Dr. Pierre Turquet | |
Fullname: | Pierre Maurice Turquet |
Nationality: | British and French |
Residence: | United Kingdom |
Birth Date: | 13 December 1913 |
Birth Place: | Wandsworth, London, England |
Death Place: | France |
Sport: | Olympic Fencing |
Olympics: | 1948 Olympics |
Show-Medals: | yes |
Pierre Maurice Turquet (13 December 1913 - 27 December 1975) was an English psychiatrist and psychoanalyst at the Tavistock Clinic with a special interest in group relations.[1] He was also a British Olympic fencer, who competed in the team foil event at the 1948 Summer Olympics.[2]
Pierre Turquet was the son of André Turquet (1869-1940), French-born director of the London Diplomatic Service crammer 'Scoones', and Gladys Turquet (c.1889-1977), head of French at Westfield College, London and professor of French at Bedford College.[3] He was educated at Westminster School and Trinity College, Cambridge, where he switched from history to science before completing medical training at the London Hospital.[4]

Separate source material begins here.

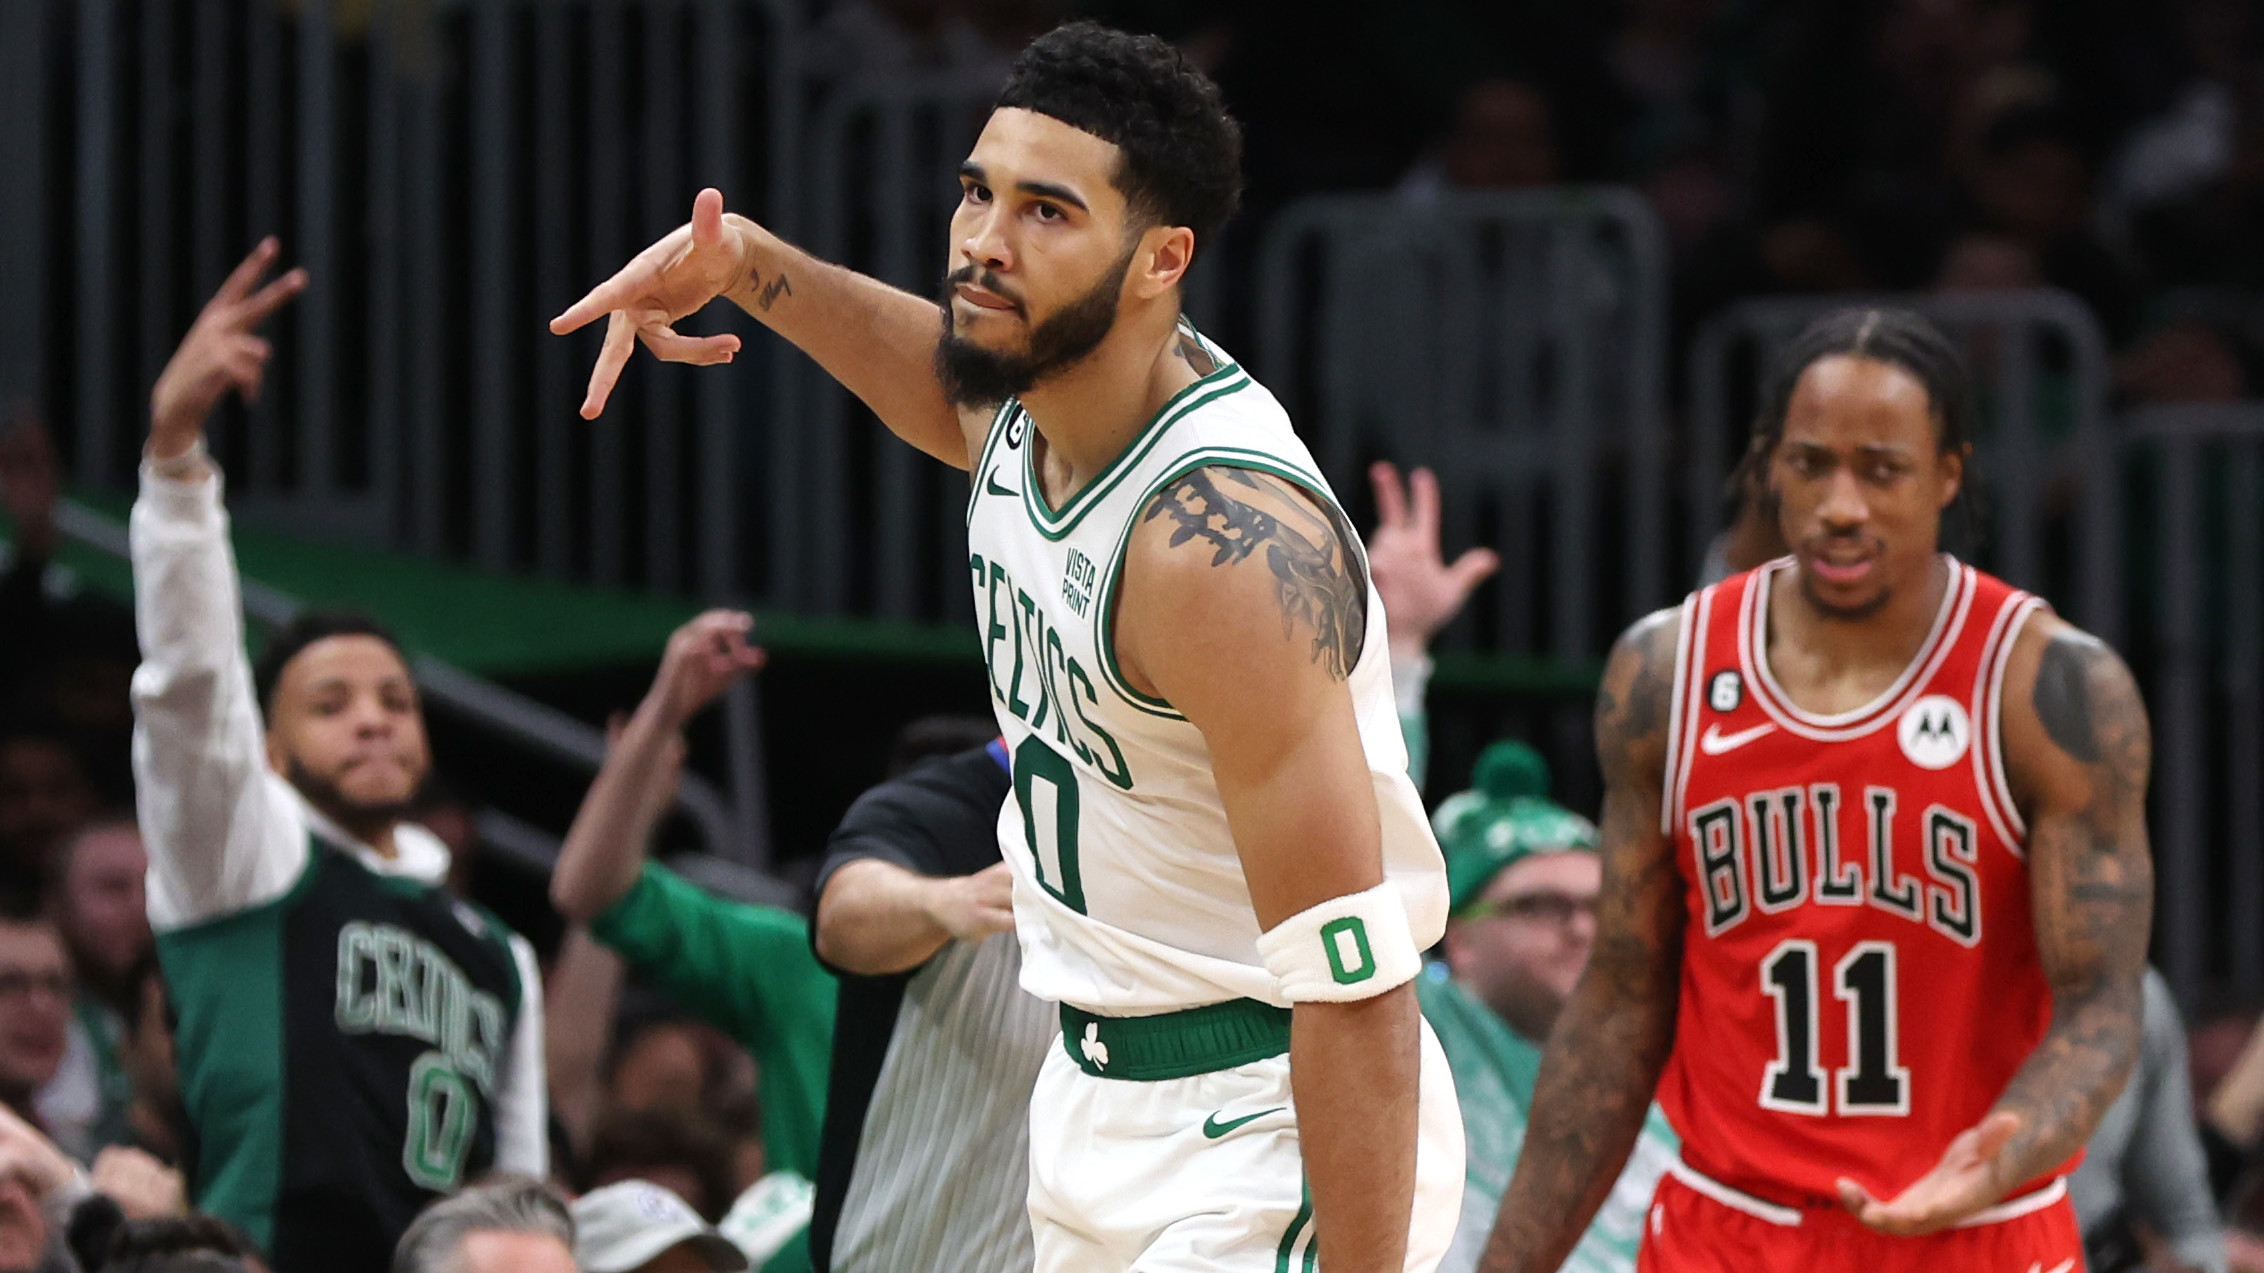 I'm the best player': Jayson Tatum sounds off after Celtics OT win
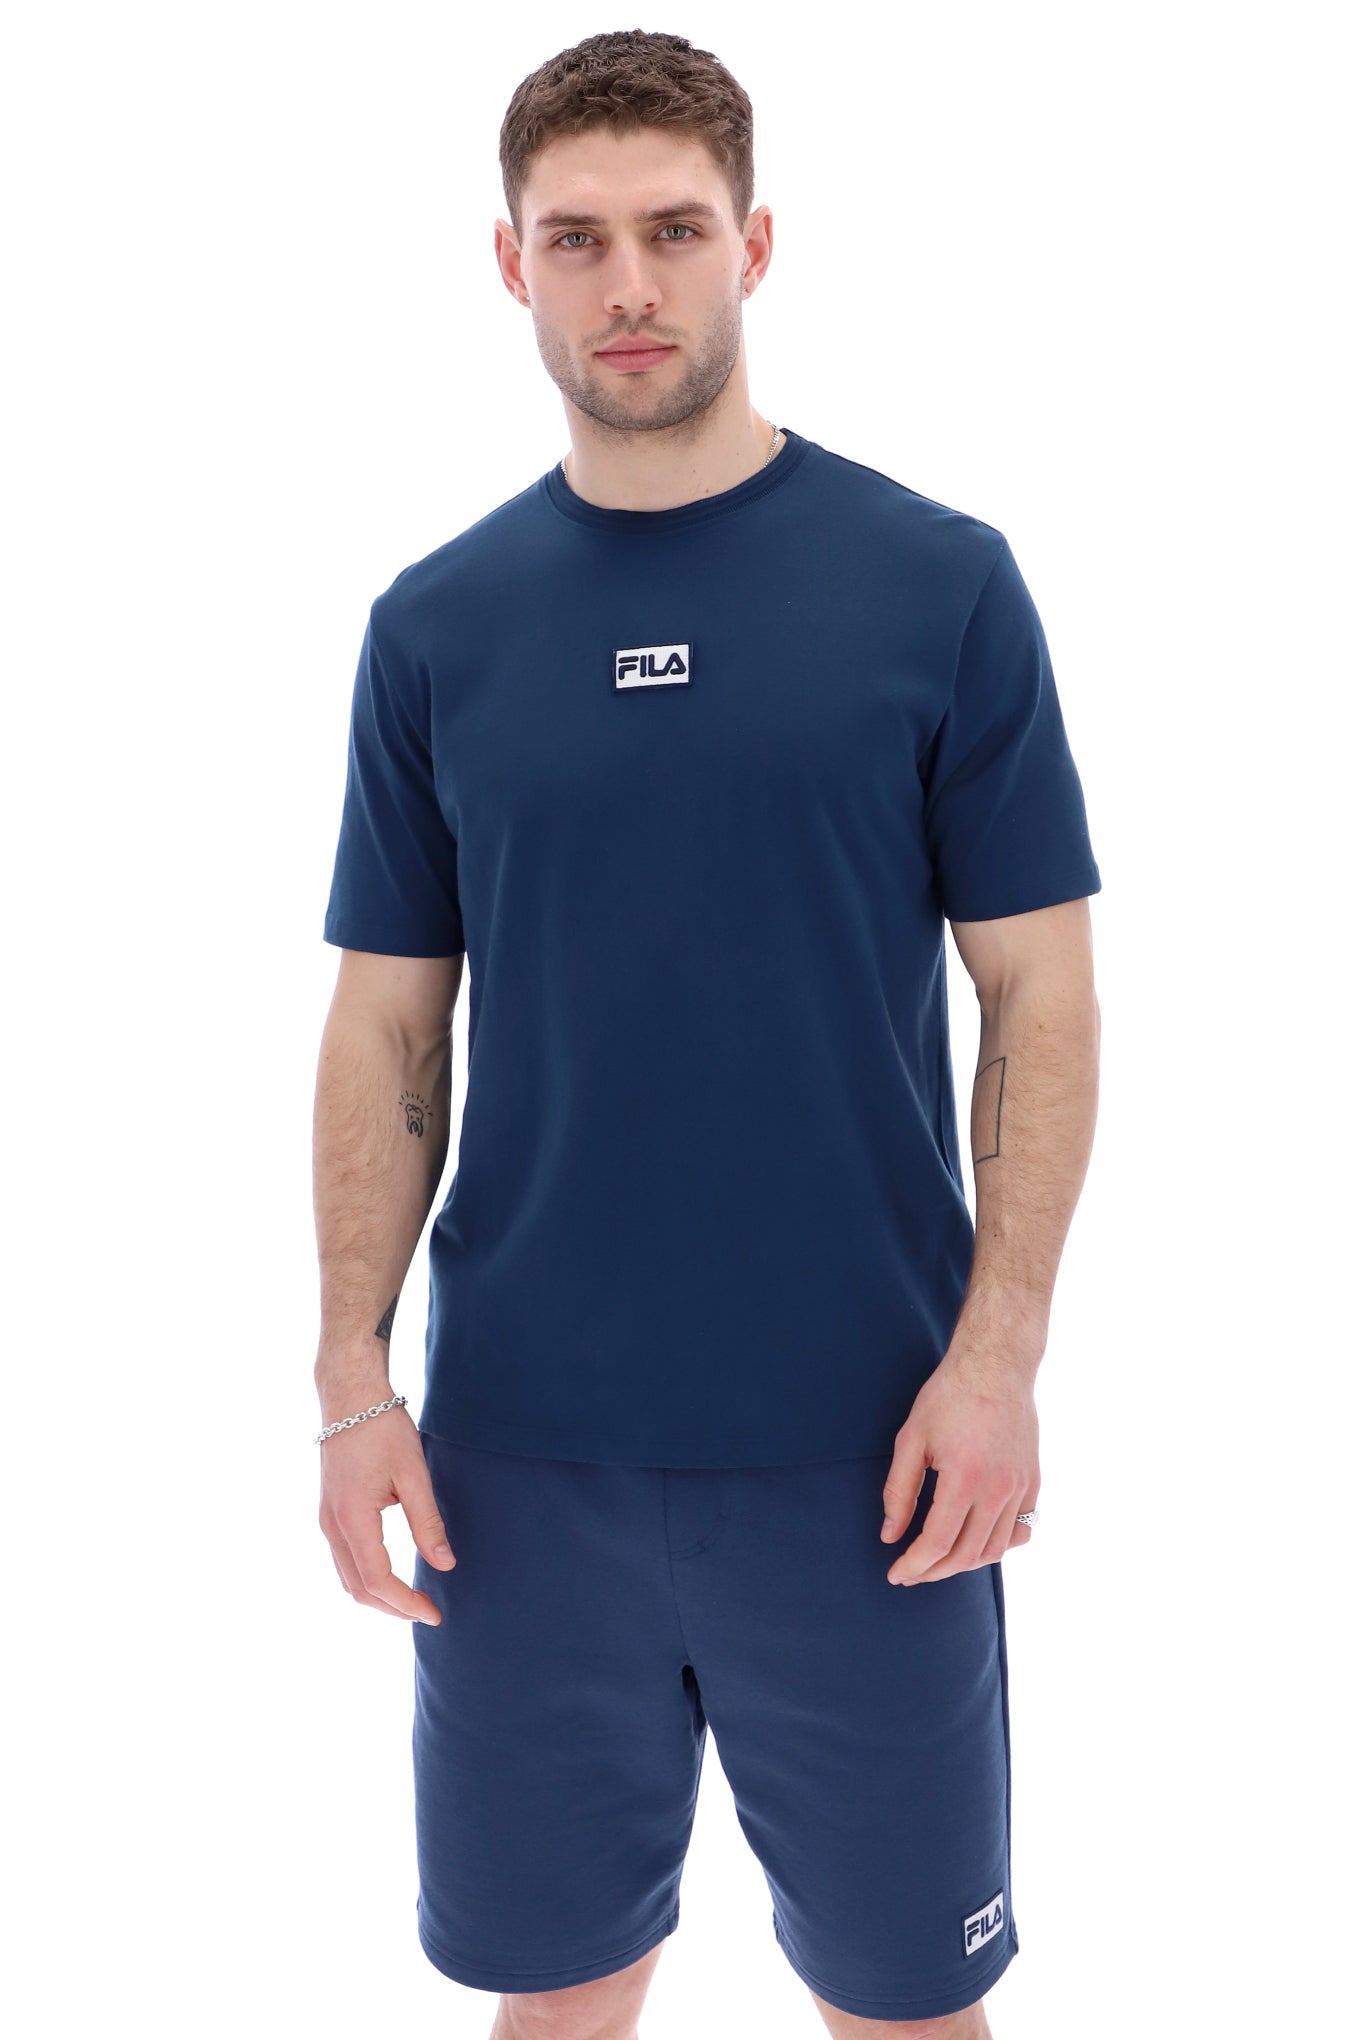 Fila DAX T-Shirt - Moonlit Ocean

During World War II he was a Major in the Royal Army Medical Corps, helping to develop the War Office Selection Boards.[4] He married Clare Hunter in 1940.[5] He was subsequently seconded to SHAEF and the French War Office. After the war he was Research Psychiatrist at the MRC Social Medicine Research Unit, researching the interpersonal and intrafamily relations of young people with duodenal ulcers,[1]
In 1951, he won the sabre title at the British Fencing Championships.[6] The following year in 19512 he became a consultant psychiatrist at the Tavistock Clinic. He worked as a group analyst. From 1968 to 1973 he was Chairman of the Adult Department of the Tavistock.[4]
He died on 27 December 1975 as a result of a road accident in France.[1]